GIVEN INFORMATION =>
********************

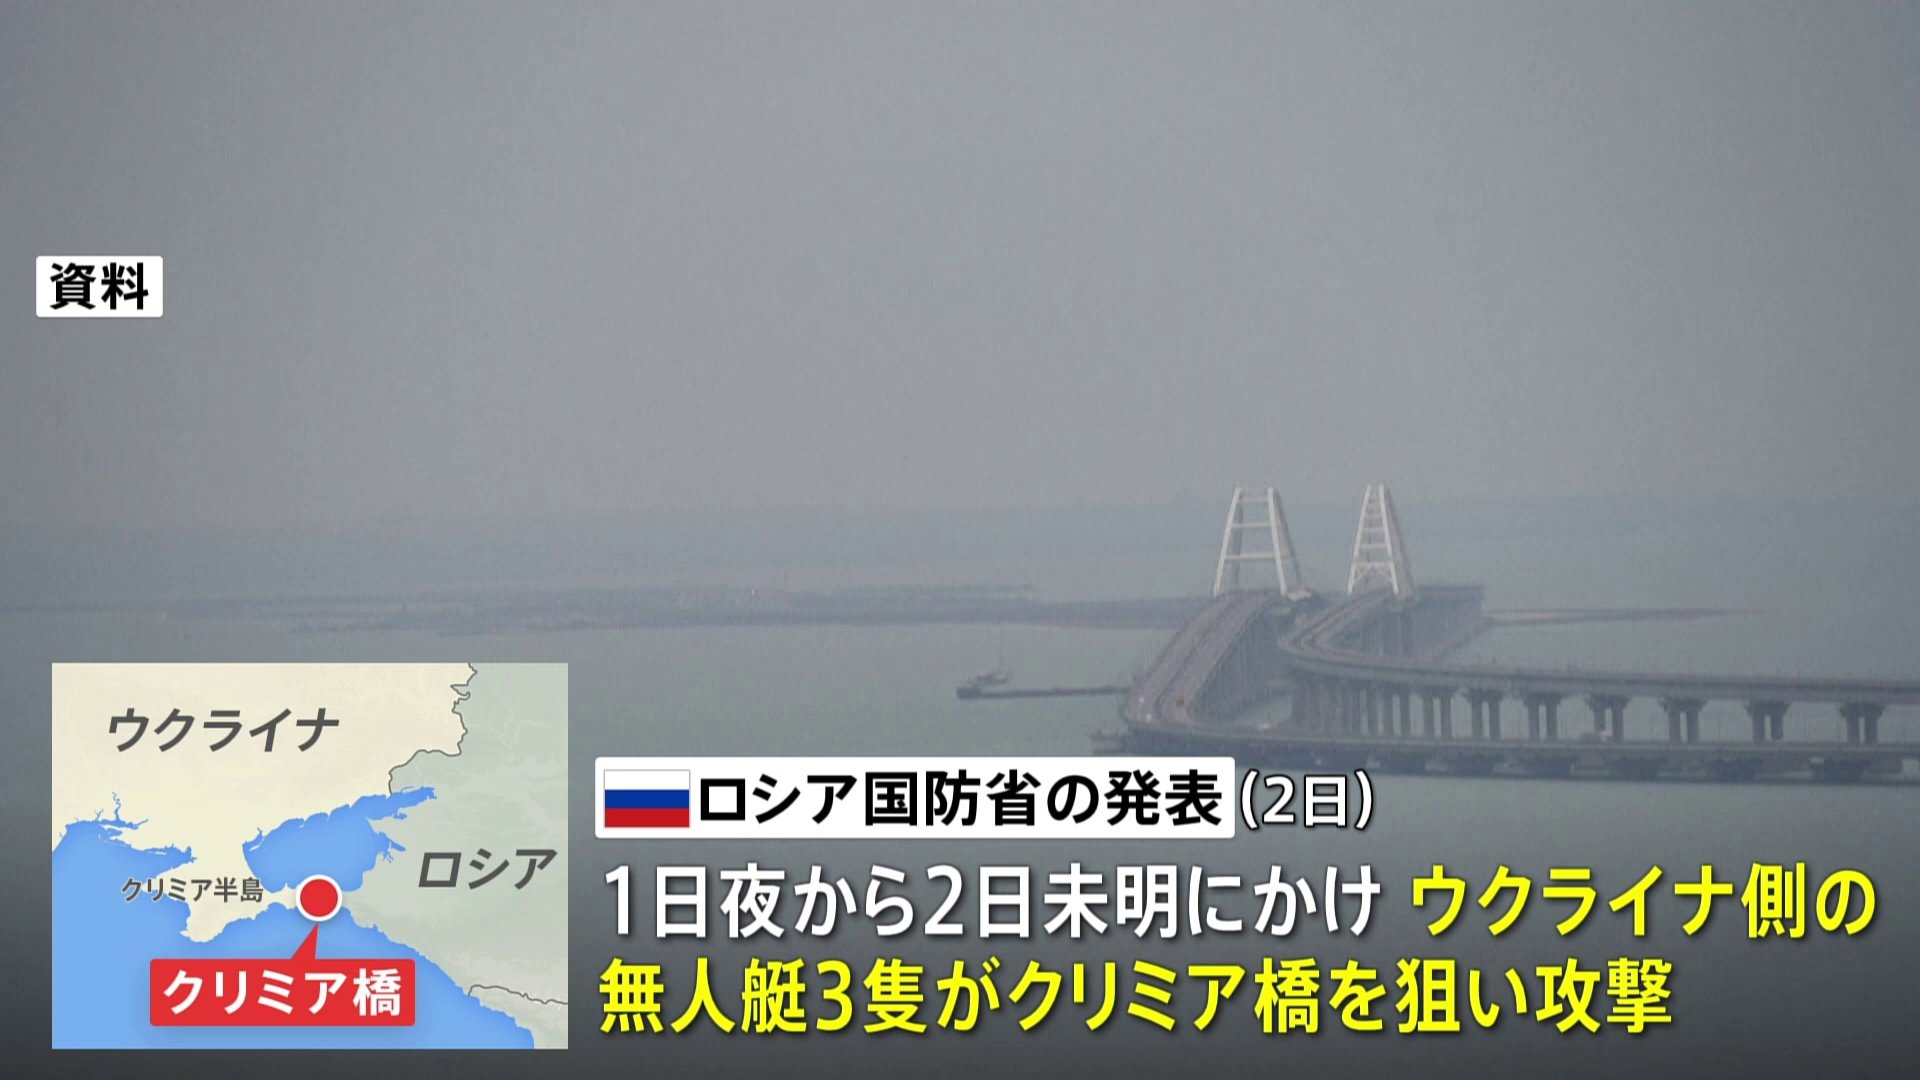 ロシア国防省、クリミア橋狙った「無人艇」攻撃仕掛けられ「すべて破壊」と発表
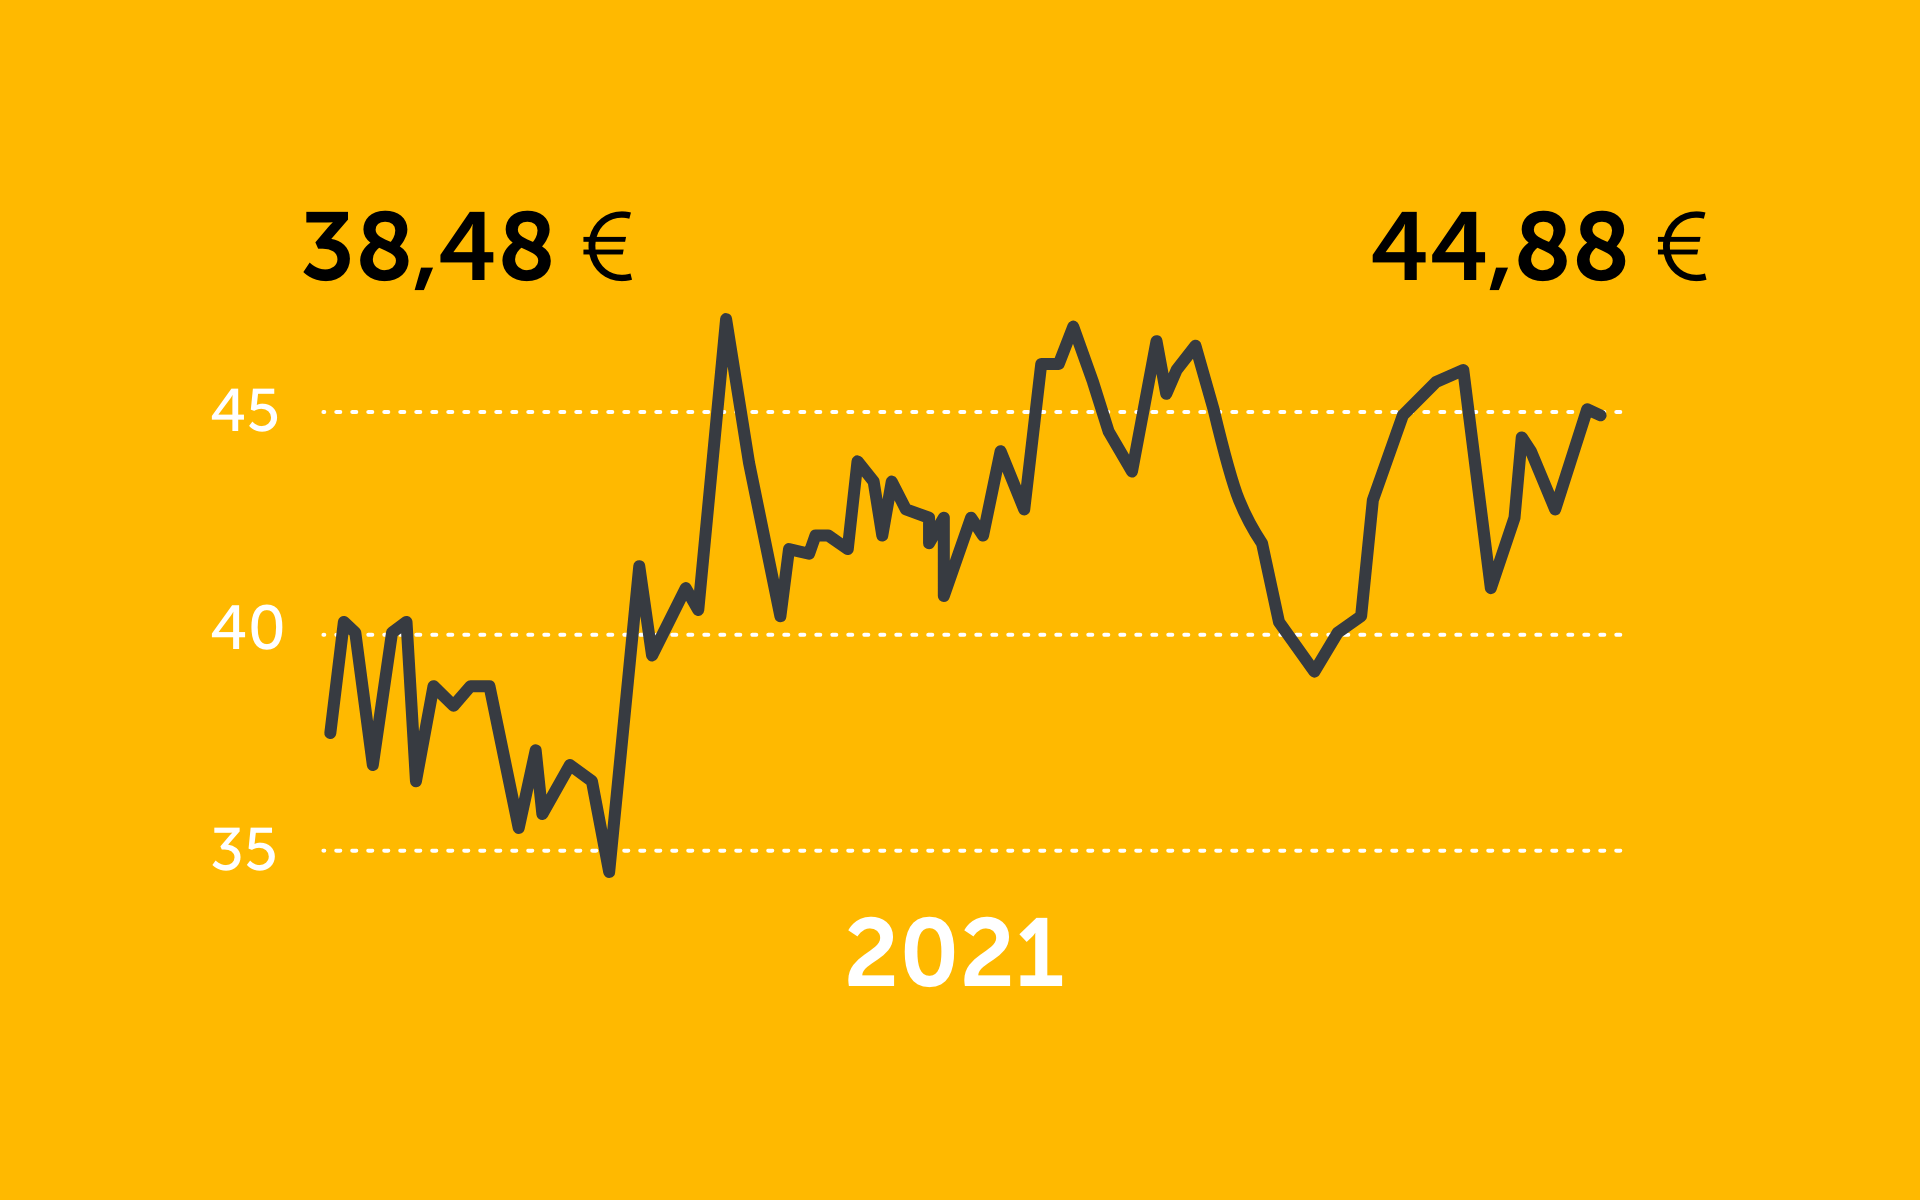 Darstellung des Kursverlaufs der Jungheinrich Aktie im Jahr 2021
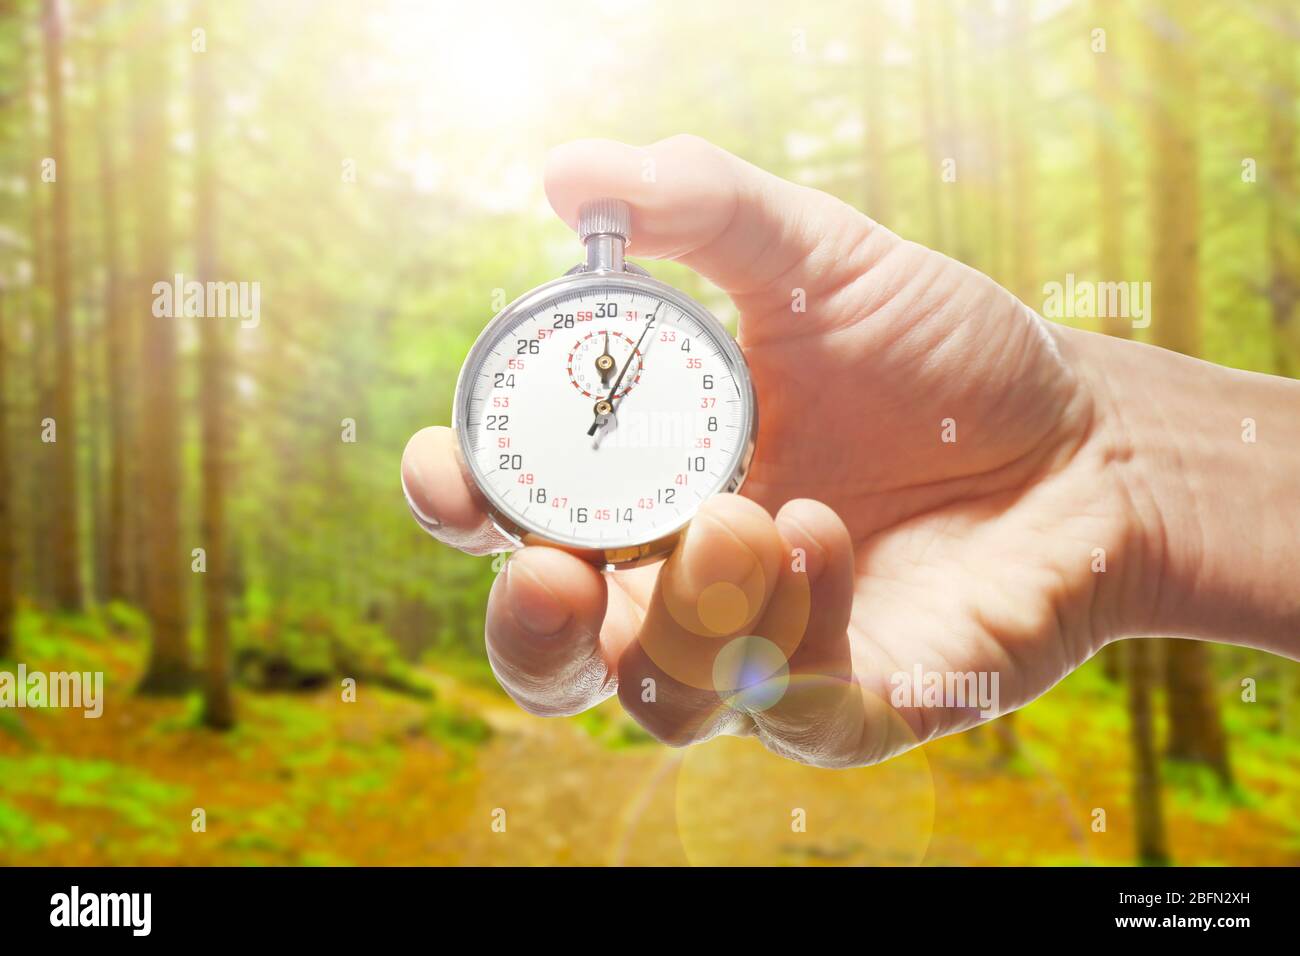 Uomo che tiene cronometro contro la foresta background.Time concetto Foto Stock

********************

EXERCISE OBJECTIVE =>
Output all of the data above exactly; no pictures should appear.

PROBLEM SOLUTION =>
 ロシア国防省、クリミア橋狙った「無人艇」攻撃仕掛けられ「すべて破壊」と発表
 Darstellung des Kursverlaufs der Jungheinrich Aktie im Jahr 2021
 Uomo che tiene cronometro contro la foresta background.Time concetto Foto Stock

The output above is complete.